_SUPPLIED DATA_
-=-=-=-=-
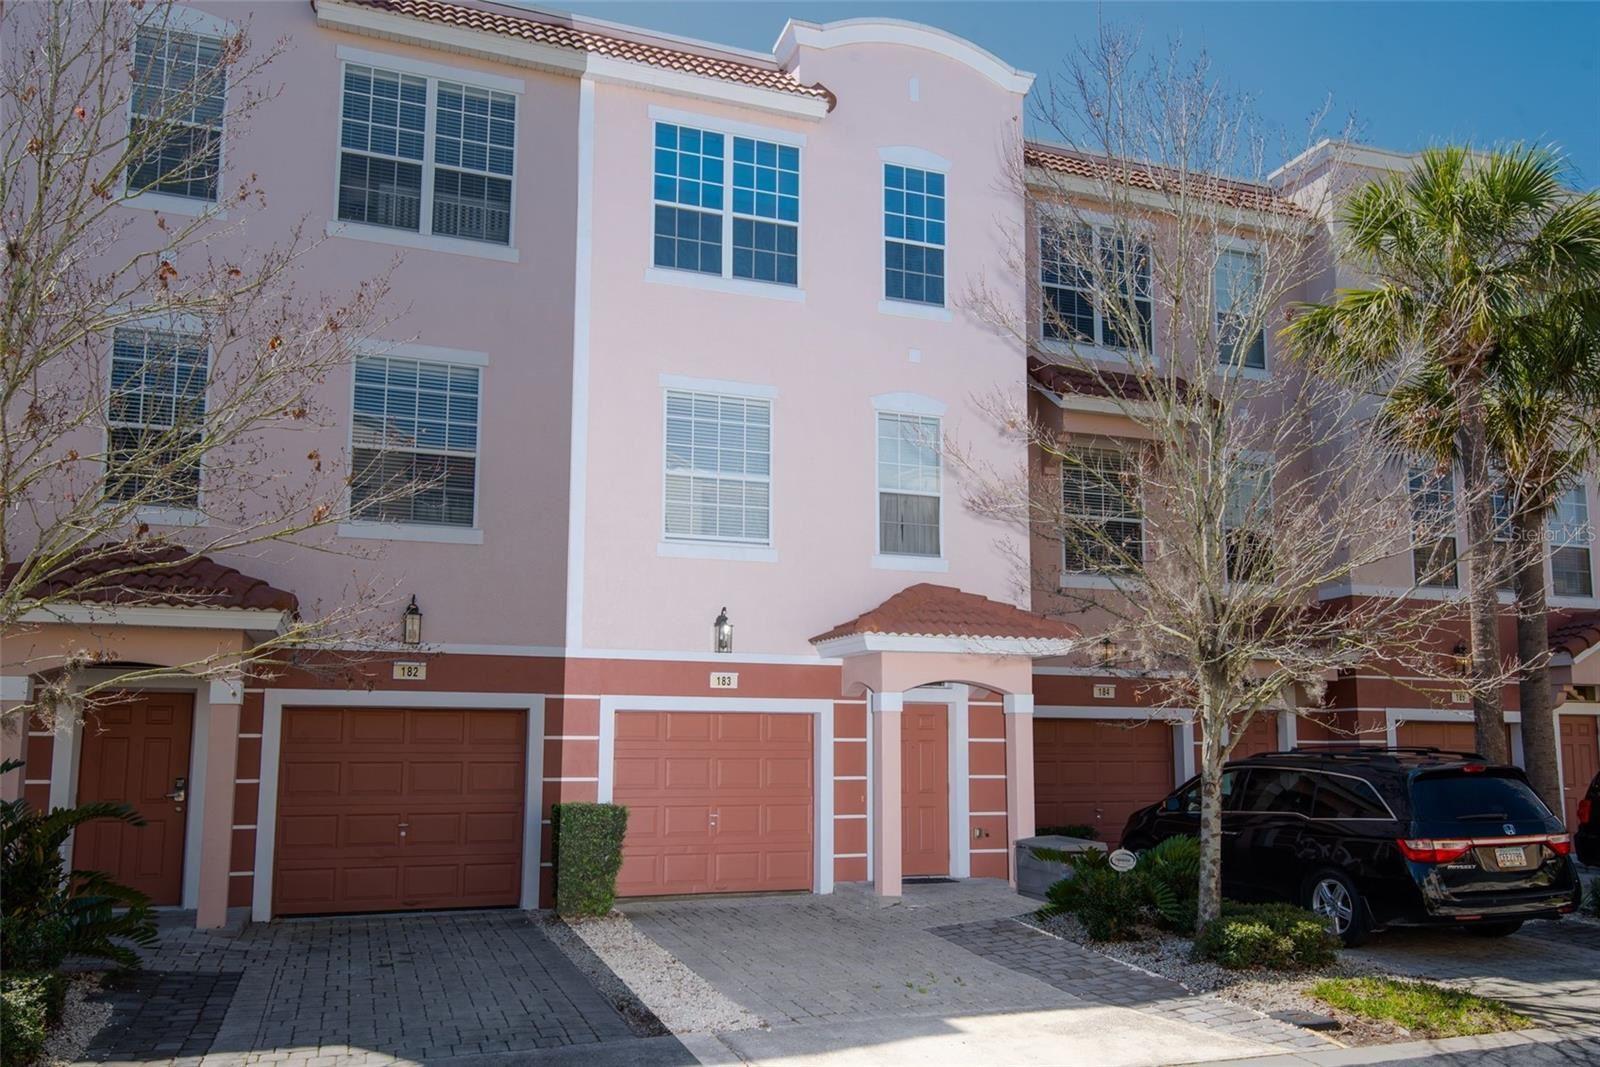 4830 TIDECREST AVENUE #183, Orlando, FL 32819 - #: O5971931
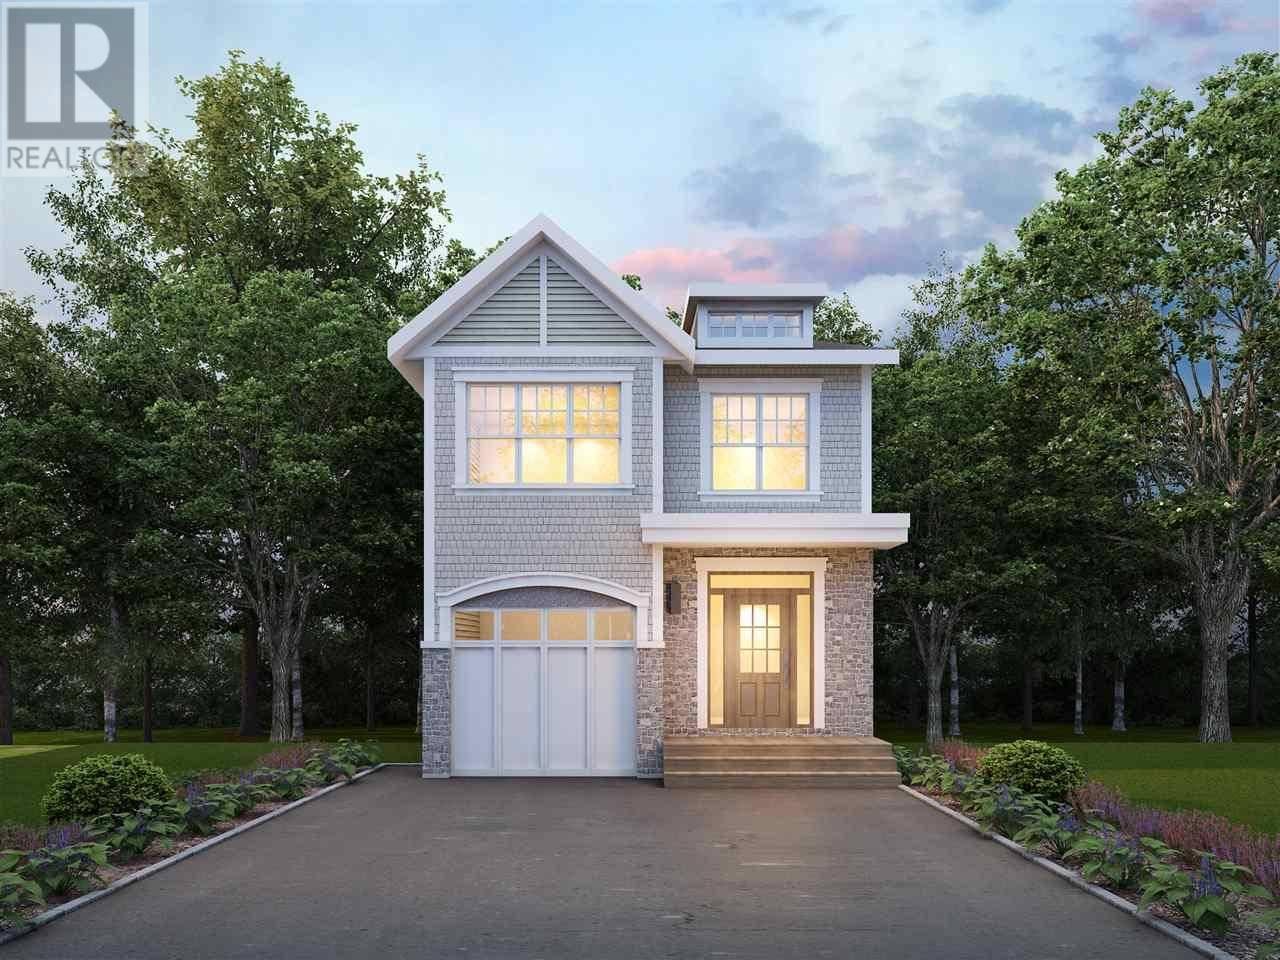 House for sale at 39 Darjeeling Dr Unit 419 Halifax Nova Scotia - MLS: 201917354
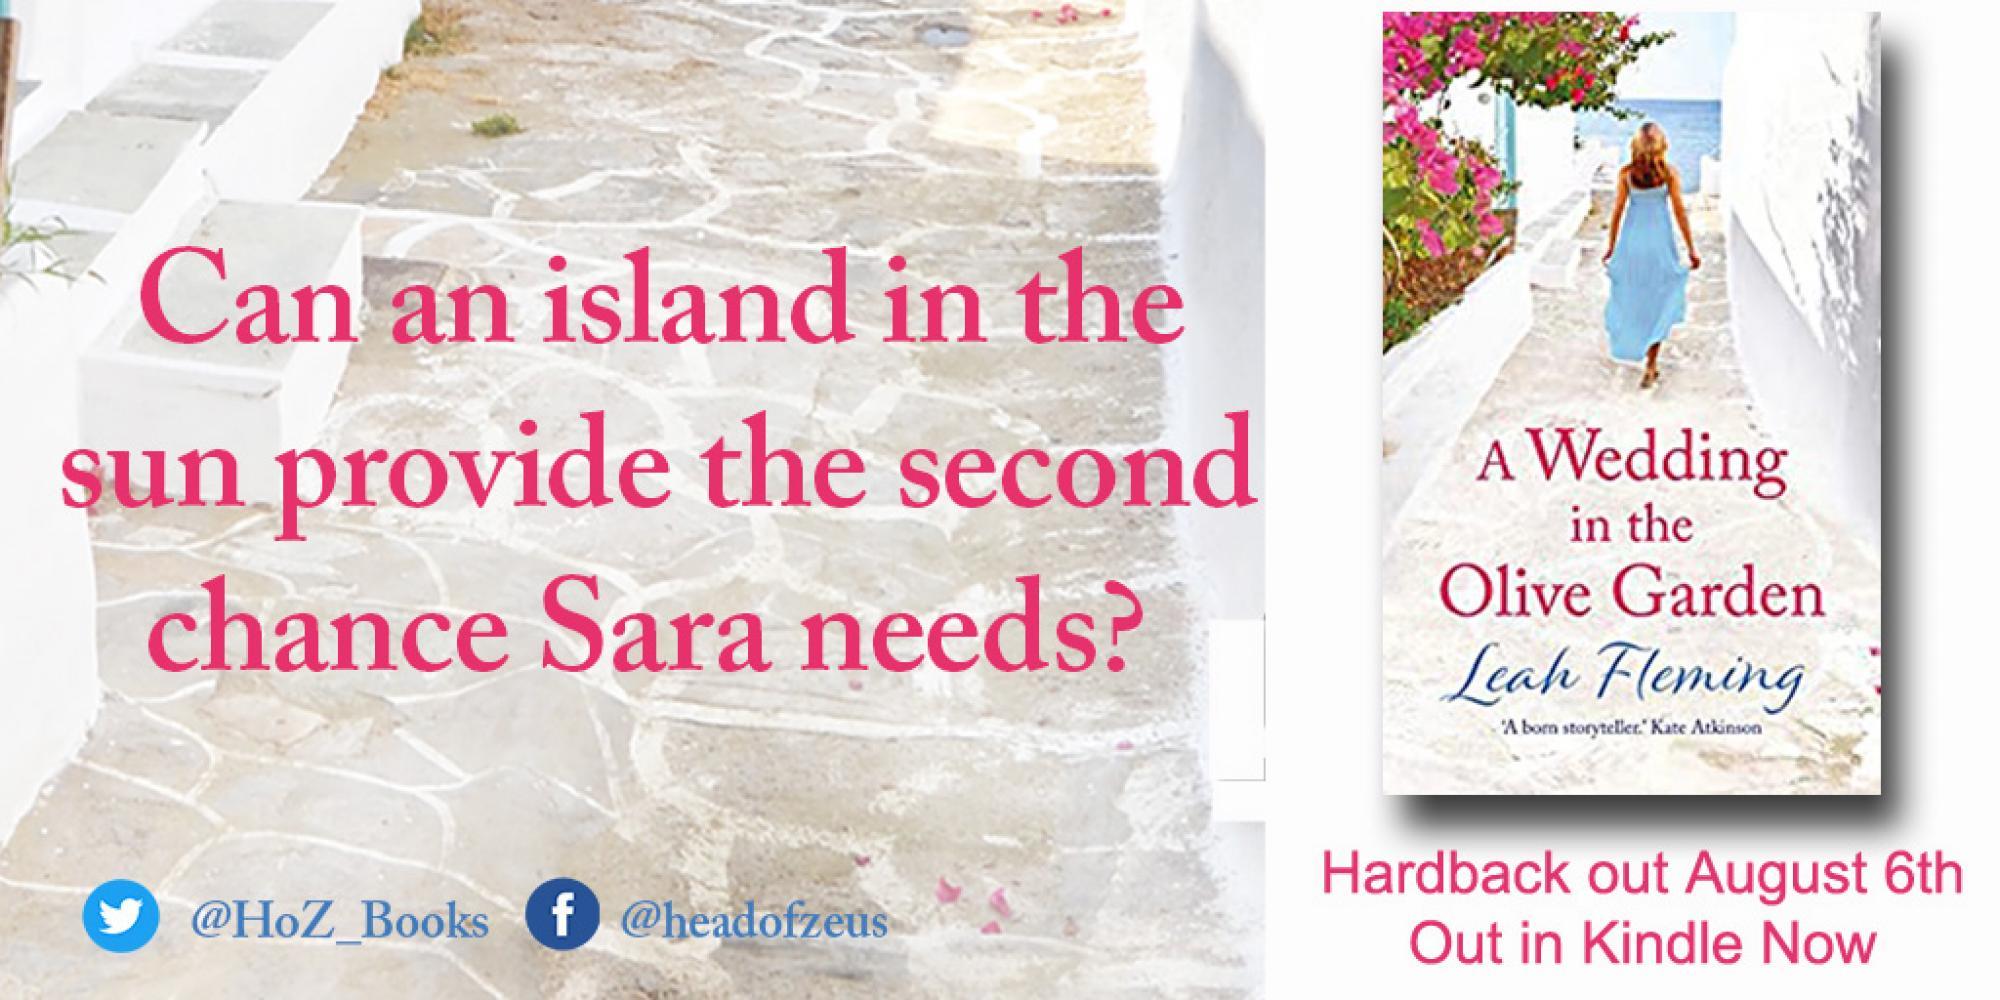 https://www.amazon.co.uk/Wedding-Olive-Garden-Leah-Fleming/dp/1788548701/ref=sr_1_1?keywords=a+wedding+in+the+olive+garden&qid=1596284569&sr=8-1
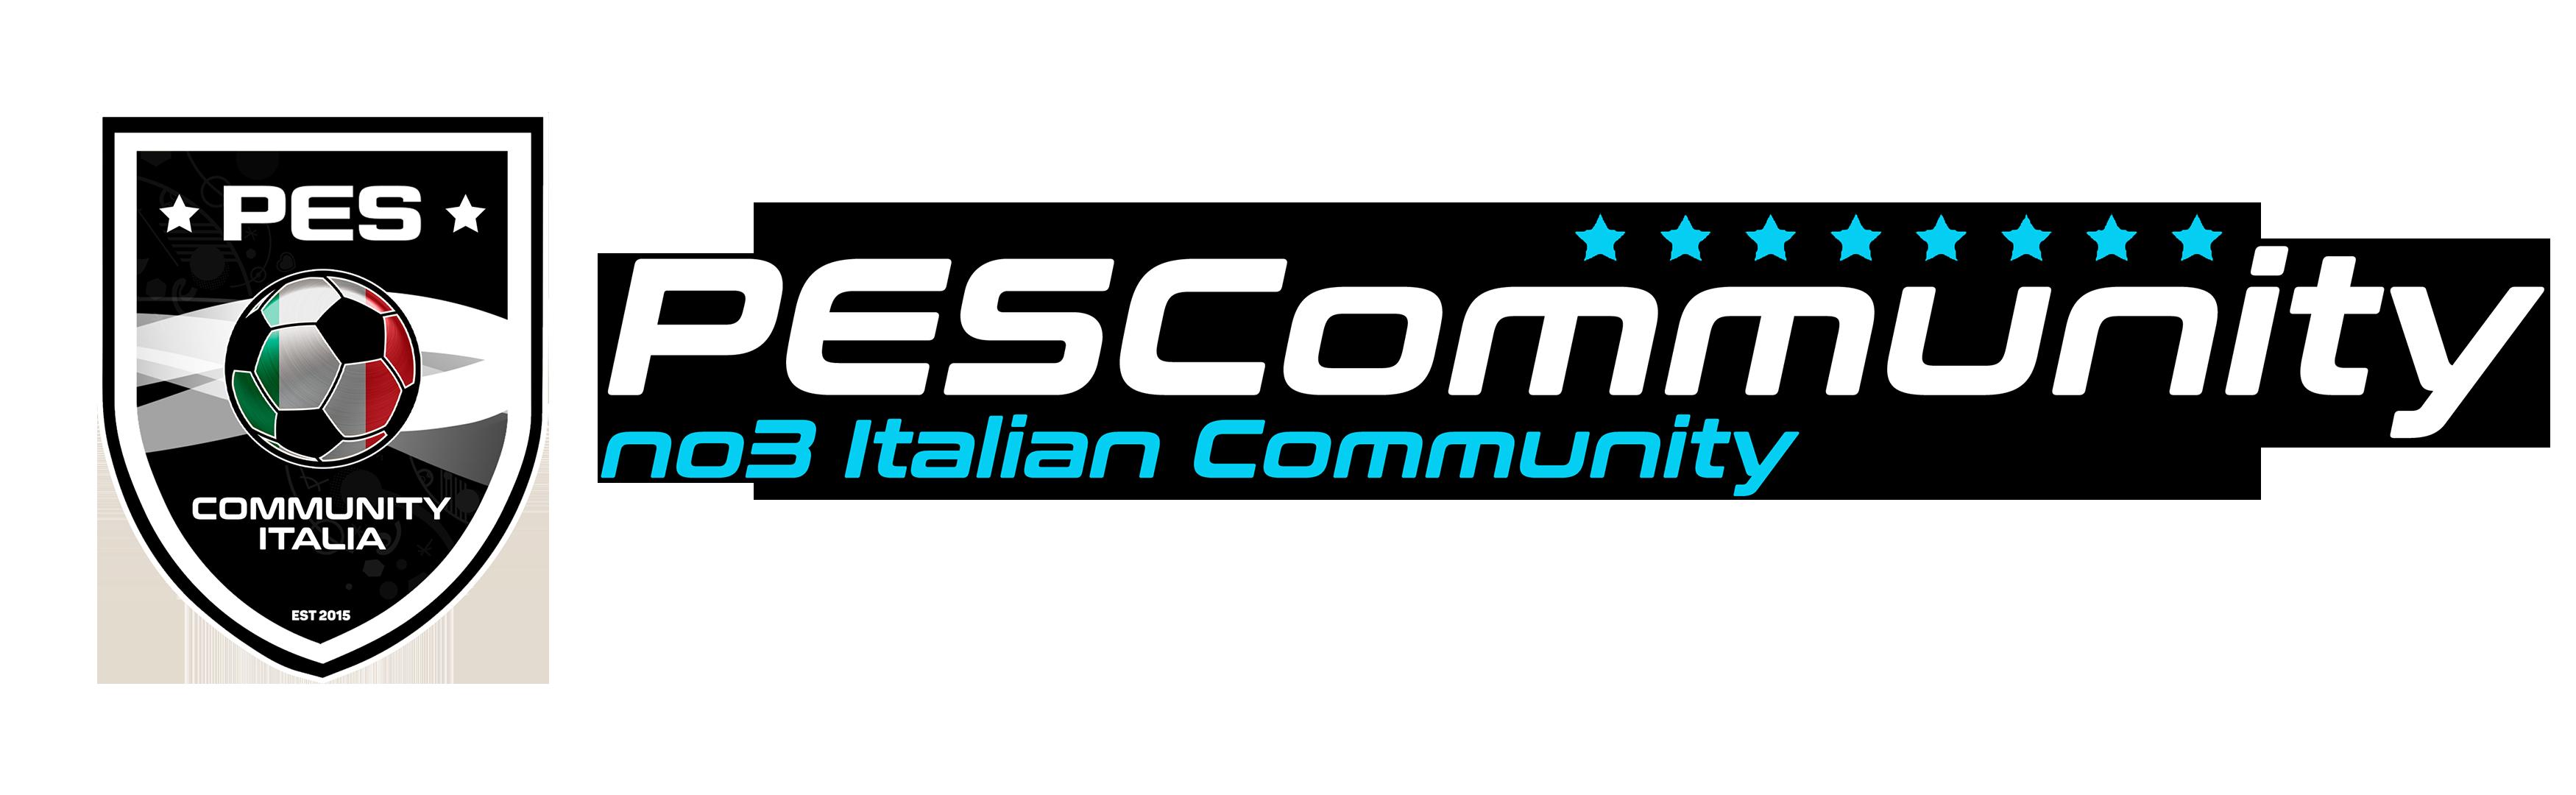 PESCommunity Italia
-=-=-=-=-
Set down the data again, exactly, without images.

_ANSWER BOX_
 4830 TIDECREST AVENUE #183, Orlando, FL 32819 - #: O5971931
 House for sale at 39 Darjeeling Dr Unit 419 Halifax Nova Scotia - MLS: 201917354
 https://www.amazon.co.uk/Wedding-Olive-Garden-Leah-Fleming/dp/1788548701/ref=sr_1_1?keywords=a+wedding+in+the+olive+garden&qid=1596284569&sr=8-1
 PESCommunity Italia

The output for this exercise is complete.